The crate is not a general BLAS replacement. It focuses on the small exact vector and matrix objects that geometry, predicates, solvers, and domain crates repeatedly need.

Hyper Ecosystem

hyperlattice is the object-algebra layer between scalar facts and topology/domain crates. It owns the fixed-size vector, matrix, point, shared-scale, and homogeneous projective carriers that predicate and geometry crates reuse.

  • hyperreal: exact rational, symbolic, and computable scalar arithmetic.
  • hyperlimit: exact predicates, escalation policy, and predicate provenance over lattice-owned objects.
  • hypercurve: planar curves, contours, regions, offsets, and boolean-boundary work.
  • hypertri: polygon triangulation, Delaunay, constrained Delaunay, and D-dimensional topology.
  • hypermesh: 3D mesh validation, topology, and exact-aware boolean preflight.
  • hyperbrep: retained BREP topology, planar surfaces, trim evidence, tessellation manifests, and mesh handoff reports.
  • hypersdf: signed-distance and implicit-field carriers with exact-aware sampling, classification, mesh, and voxel handoffs.
  • hypersolve: symbolic residuals, solver preparation, interval/root certification, and candidate replay.
  • hyperpath: routing, CAM, PCB path, provenance, and path-domain residual builders.
  • hypervoxel: exact-aware voxel frames, sparse-grid facts, and storage/adapter manifests.
  • hyperphysics: exact-aware materials, shapes, mass properties, contact, fields, and simulation handoff reports.
  • hypercircuit: circuit MNA carriers, exact residual replay, nonlinear-device reports, and electrothermal coupling.
  • hyperparts: source-attributed part, interface, process, and compatibility facts.
  • hyperpack: exact-aware packing models, proposal reports, and feasibility replay.
  • hyperevolution: exact-aware search, fitness, archive, and replay-policy carriers.
  • hyperdrc: PCB design-readiness checks and manufacturing package evidence.

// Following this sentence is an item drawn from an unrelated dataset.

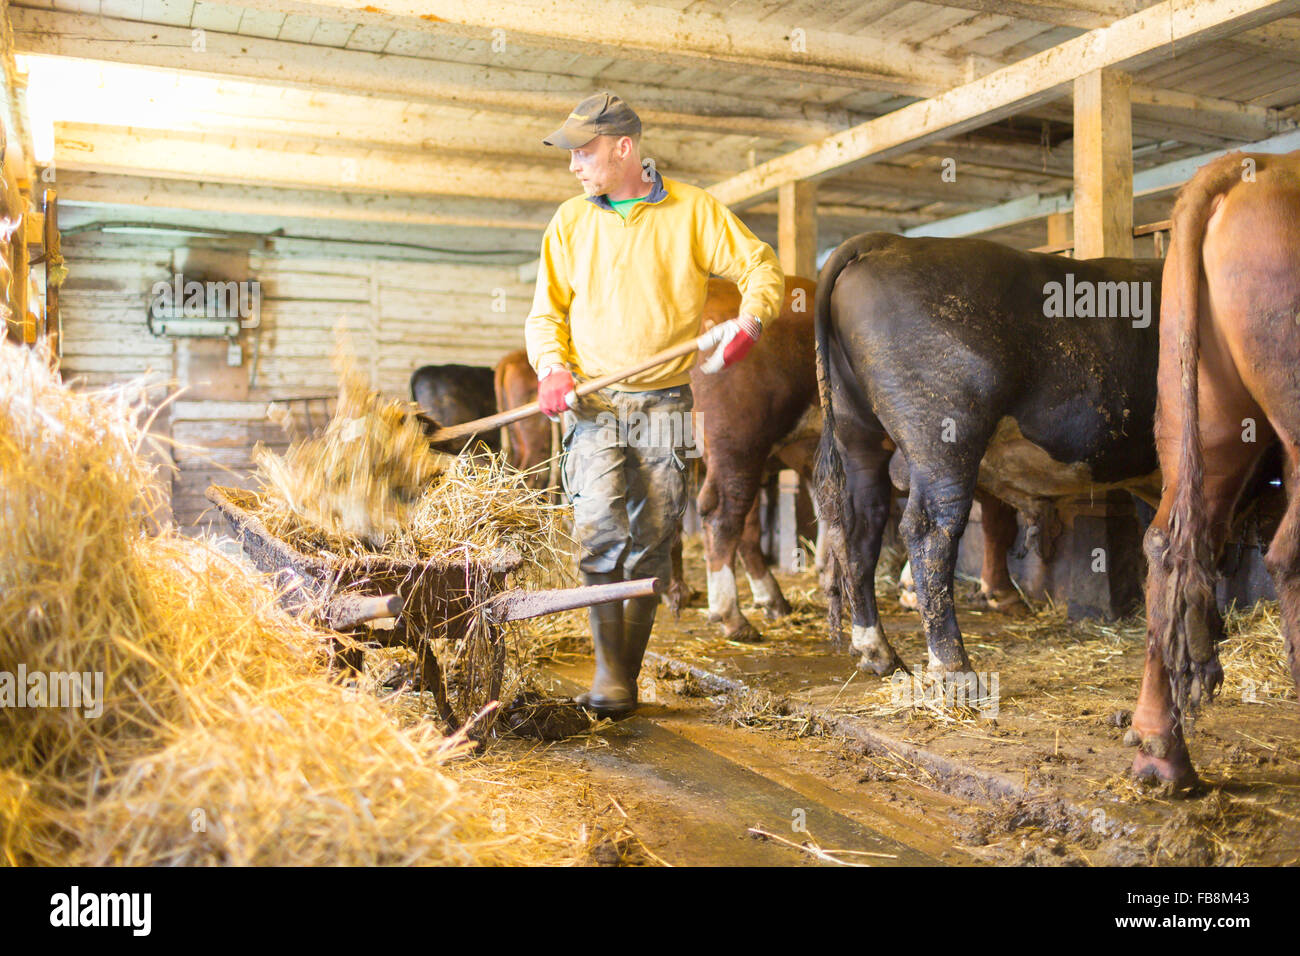 Sweden, Ostergotland, Grytgol, Farmer working in barn Stock Photo

Typical Linear-Algebra Problems

Small linear algebra sits on the fault line between performance and exactness. Floating matrices are fast but can hide singular pivots, near-zero determinants, and transform-kind assumptions. Full symbolic expansion preserves meaning but can grow before a caller knows whether a cheap structural fact was enough.

hyperlattice keeps objects small and facts local. Zero masks, homogeneous point/direction tags, determinant schedule hints, sparse support, shared-scale views, and prepared matrix cache summaries let callers skip known-zero work, choose exact reducers, and delay scalar canonicalization until a result is needed.

Main Types

  • Complex provides exact complex arithmetic and integer powers.
  • Vector2, Vector3, Vector4, homogeneous vector facts, shared-scale views, and signed-axis helpers describe small exact vectors.
  • Point2, Point3, Point2Facts, Point3Facts, PointSharedScaleView, and PointSharedScaleFacts keep point coordinates separate from vectors while preserving sparse support, shared-denominator schedules, known-zero masks, and one-hot facts.
  • ProjectivePlane3, Plane3Coefficients, HomogeneousPoint3, HomogeneousLine3, intersect_two_planes, intersect_three_planes, and intersect_homogeneous_line_plane keep exact 3D plane intersections in homogeneous form so affine division is delayed until a caller proves the point is finite.
  • Matrix3, Matrix4, transform handles, transformed-vector/matrix views, prepared matrix handles, and prepared right-divisor handles describe small exact matrices.
  • Matrix3StructuralFacts, Matrix4StructuralFacts, transform-kind enums, determinant schedule hints, and cache summaries preserve matrix structure.
  • Displacement2Facts, ProductTerm2Facts, ProductSum2Facts, and Orient2Facts expose exact 2D algebra facts for predicate and curve callers.
  • AbortSignal, BlasResult, checked result types, zero-status helpers, and scalar function wrappers provide fallible exact operations.

Precision Model

All native scalar, vector, complex, and matrix operations use Real. Primitive floats should appear only at named import/export, rendering, diagnostics, or interop edges. Checked operations reject definite-zero and unknown-zero divisors or pivots instead of rounding through a singular path.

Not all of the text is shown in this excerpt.